We developed a high-throughput plate-based antigen-specific Ab-NK cell assay (57) to better identify specific merozoite antigens targeted by Ab-NK. We tested a panel of merozoite antigens that were available to us from previous studies in a subset of samples from adults (58). We observed high interindividual variation and unique Ab-NK antigen-specific reactivity profiles in each sample. This was not unexpected given the heterogeneity of antibody responses against malaria antigens that we, and others, have previously reported (18, 59). Leading vaccine antigens known to induce invasion-inhibitory antibodies, such as apical membrane antigen 1 (AMA-1) (60), or Fc-dependent activity in phagocytosis, such as MSP3 (6), were also targeted by Ab-NK in some, but not all, individuals. Less well-studied vaccine candidates such as Pf113 and P41 also induced Ab-NK in a proportion of individuals. Some individuals elicited high levels of Ab-NK against the whole merozoite but not against a broad range of tested antigens. Further dissection of antigen and epitope specificity is warranted and may be instructive for vaccine design.

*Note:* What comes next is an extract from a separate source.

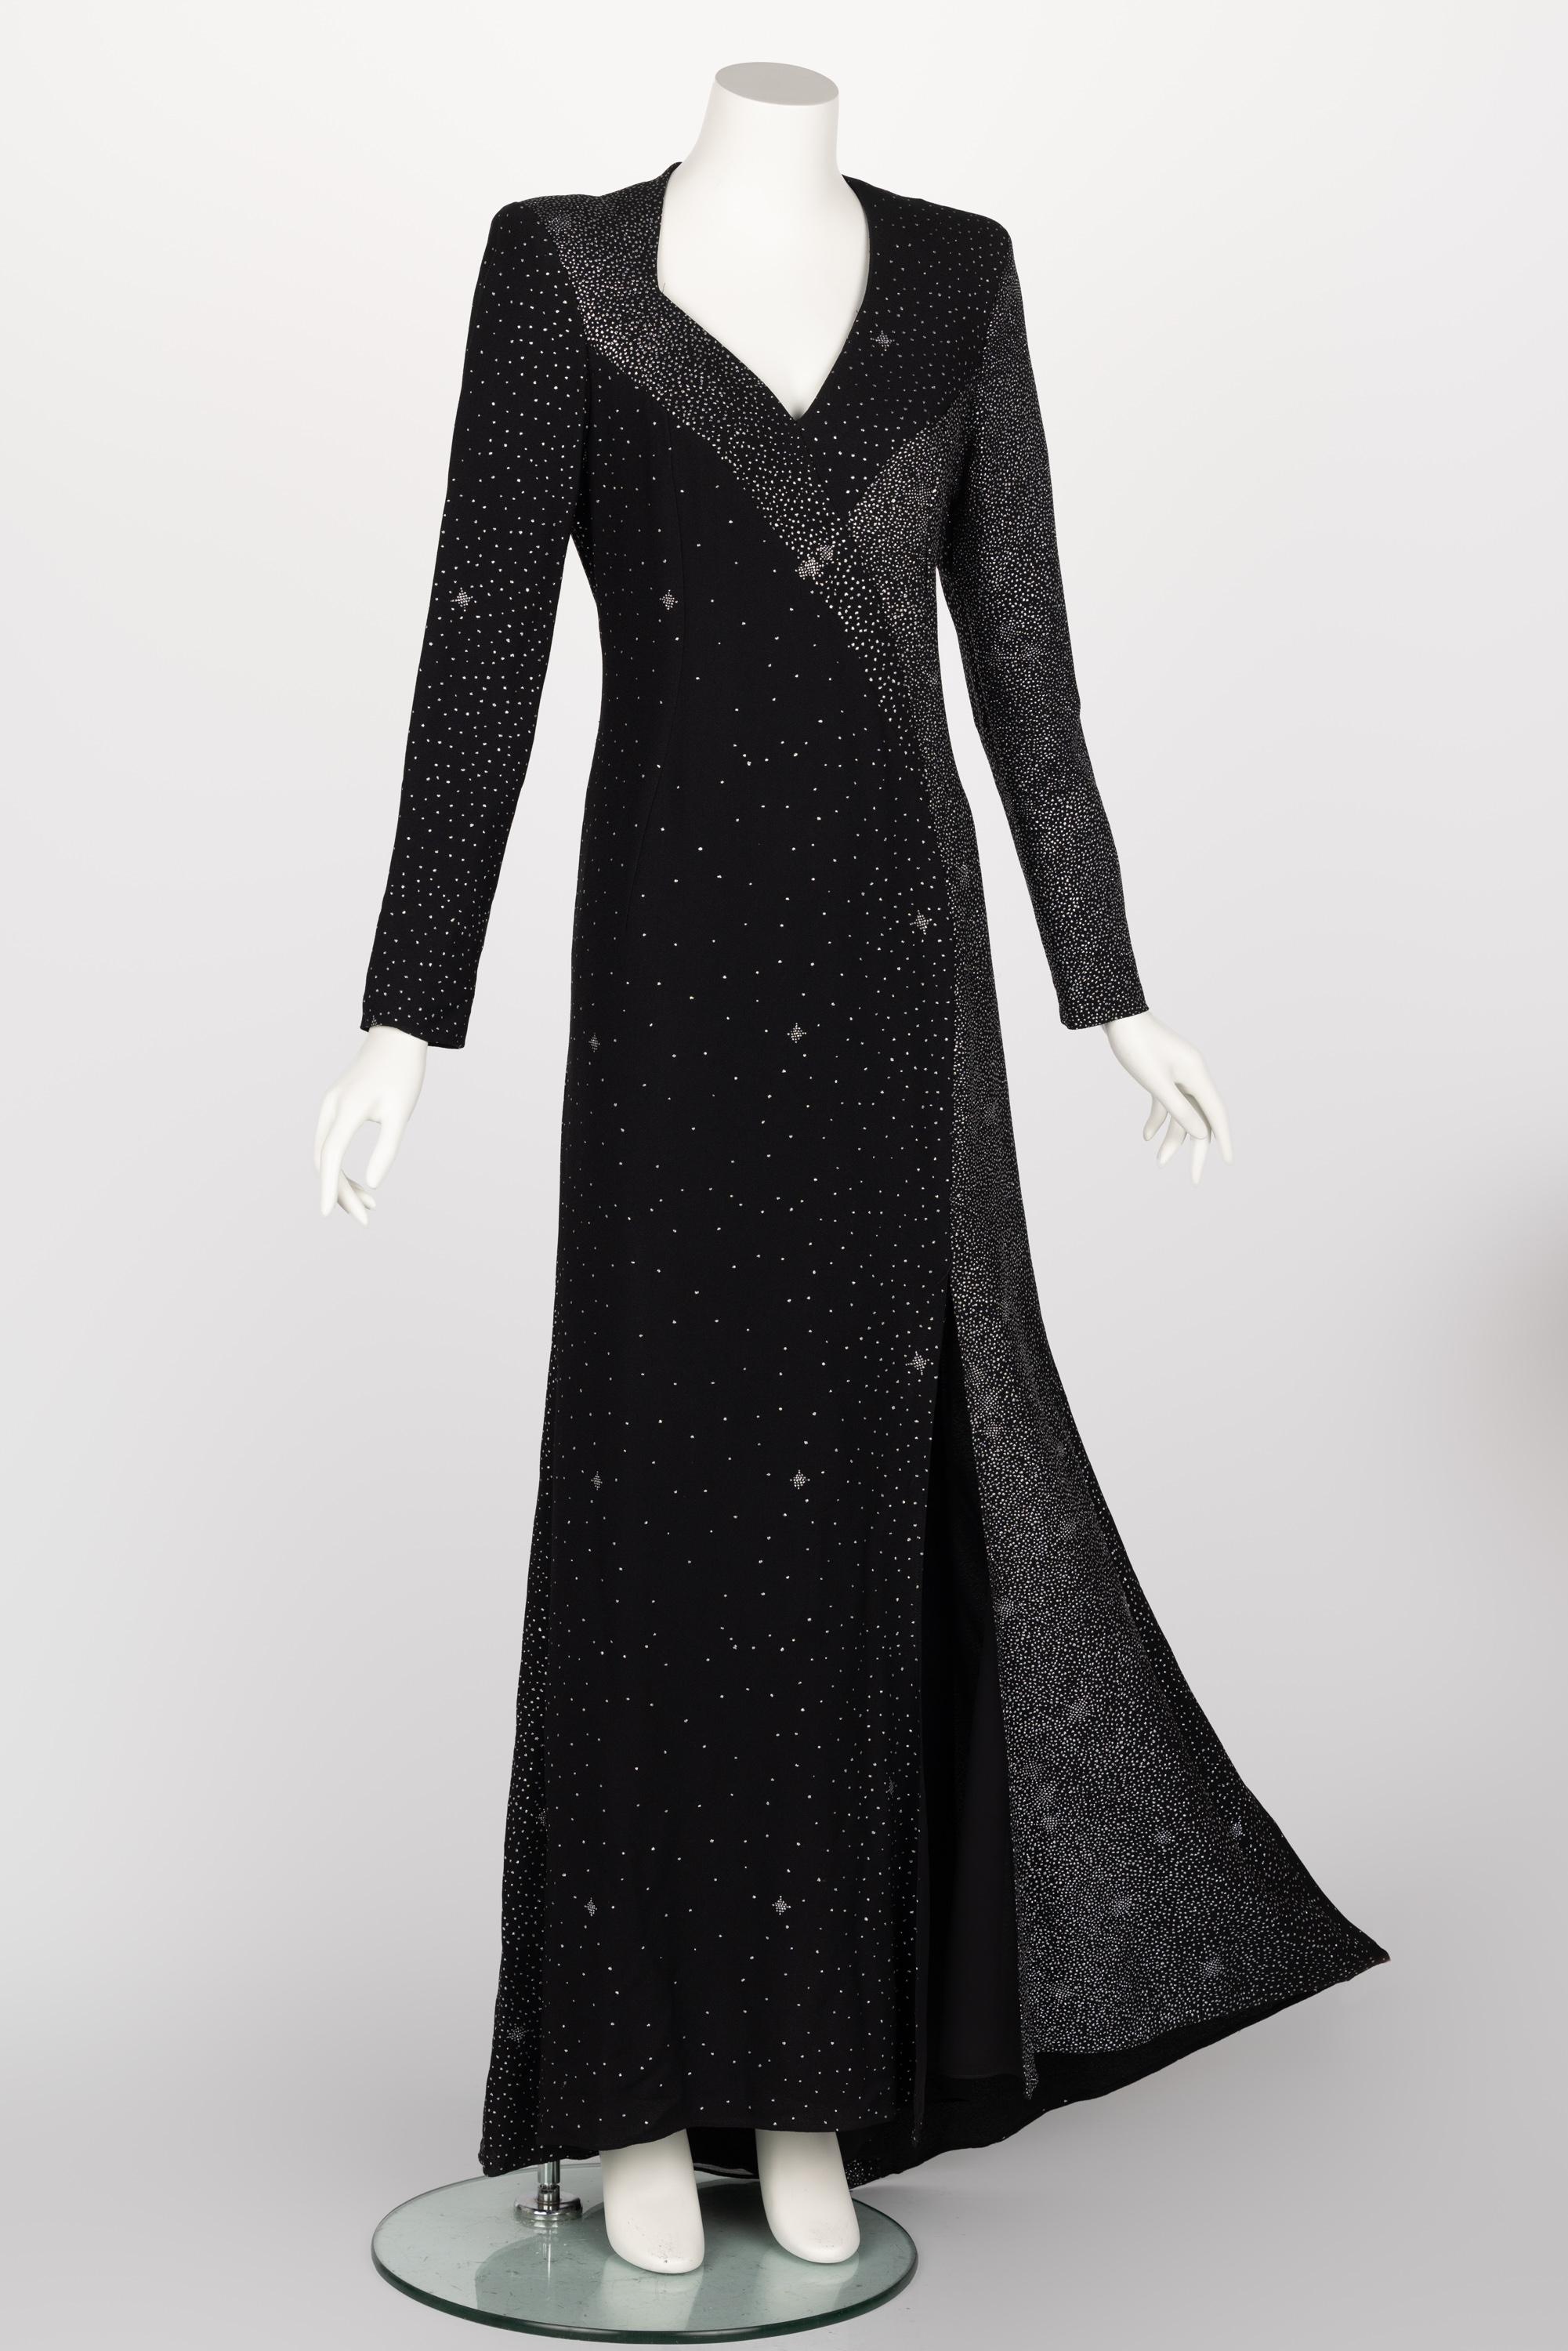 Christian Lacroix Midnight Sparkle Runway Gown FW 98/99 For Sale 1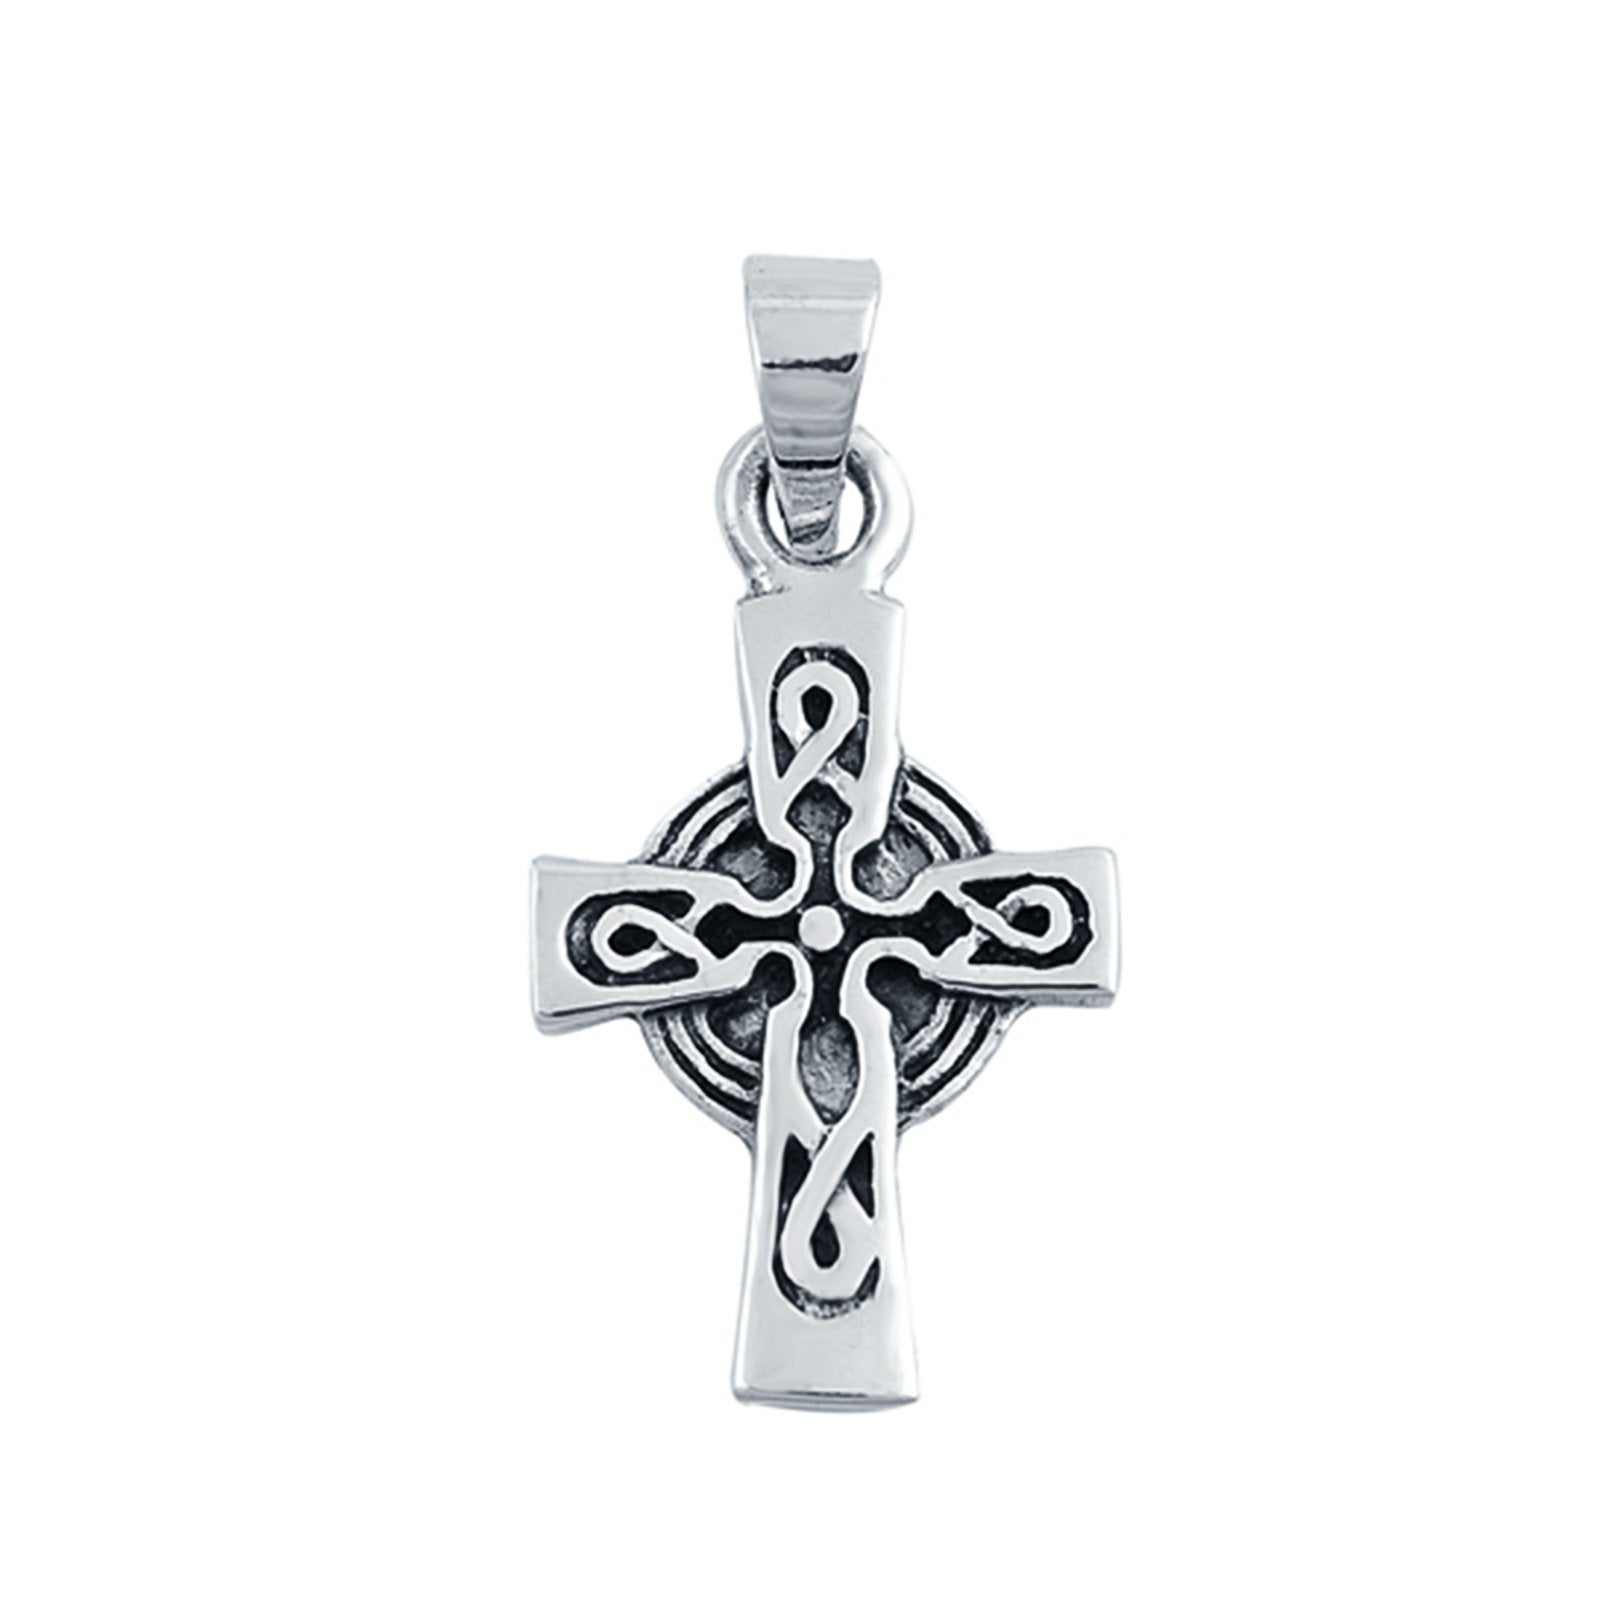 Cross Pendant Charm Round 925 Sterling Silver

Previous studies have demonstrated that the breadth of the antibody response against selected parasite antigens is an important predictor of protection against malaria (18, 19, 32, 3438, 61). The breadth of antibody reactivity against the 14 P. falciparum antigens tested in the current study was associated with higher Ab-NK activity against the whole merozoite. This mirrors observations from other functional studies in which the breadth of the antigen-specific functional Fc antibody–dependent response was correlated with protection (18, 19). These data suggest that an effective malaria vaccine modeled on naturally acquired immunity may not only need to incorporate multiple antigens but also induce antibodies that trigger diverse effector functional activity. The influenza example is a case in point; a multifunctional human mAb was identified that simultaneously neutralizes the virus and induces ADCC (46).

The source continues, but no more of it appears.